Keeping the exec pinned to the ground was an easy task, and getting the gun away from the madman was even easier. She swore she heard the snapping of bone at some point, but she couldn't care less. As she managed to finish restraining the exec by binding the bastard's hands with cable ties, she looked over at Luis.
Upon closer inspection, his state was quite clear.
He was alive, but not well.
Sylvia turned to Ness and nodded. Her sister needed to know that Luis was at least not dead. "He's alive, I'll take the exec, you take Luis."
After Ness nodded in acknowledgement, Sylvia dragged the exec out of the side room, and proceeded to drag him from the daycare back room to the atrium by the collar of his shirt.
Ness carried Luis in an infinitely more gentle manner.
Upon arriving at the atrium, Sylvia dragged the exec down the stairs and dumped him in sight but out of anyone's way before heading over to where Jeremy, Julian, Patty, and Rachel were sat. Her sister aproached the group too, albeit temporarily in order to leave Luis in capable hands.
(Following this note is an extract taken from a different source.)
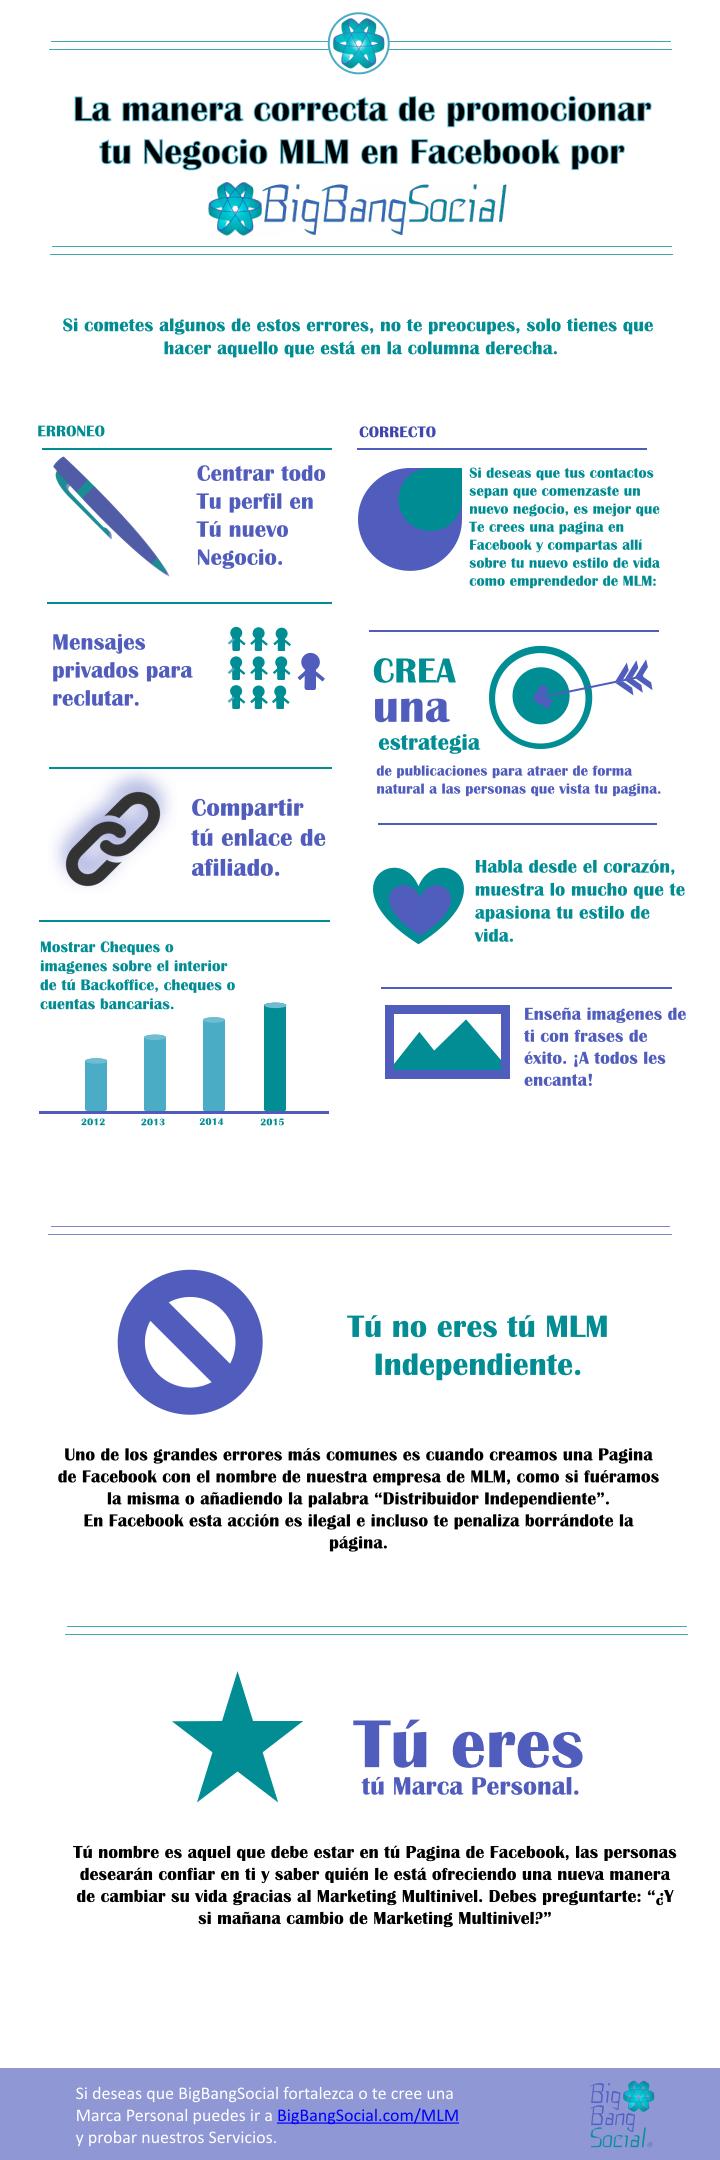 Infografia-errores-en-la-Marca-Personal.001

As Julian got to work on patching people up, Sylvia decided to spark up a conversation with Jeremy.
"So, how were you managing to hold up in the cafeteria for so long?" She asked, glad that they did but curious as to how and why.
"Well," Jeremy smirked, "it all started when we all received that email you had a panic attack over. Management tried to sic Chica and a wave of staffbots on us, but we beat her back well before you got down to the locker rooms yourself -" he mimed punching something, "and we've had her shoved in a closet since then. She's been gorging herself on all the pizza favoured crap we shoved in there to keep her busy, but the door's still barred. And remember 11? You tackled that manager whilst the service team eliminated the staffbots. Bet the execs were banking on Chica as backup, but she was spared from our wrath cos she was still in the storage closet of shame. Cafeteria's been a safe haven ever since."
"Management sic'd Chica on you!?!" Sylvia was could barely keep herself from spiraling into a bizarre mix of panic and joy, "what?!"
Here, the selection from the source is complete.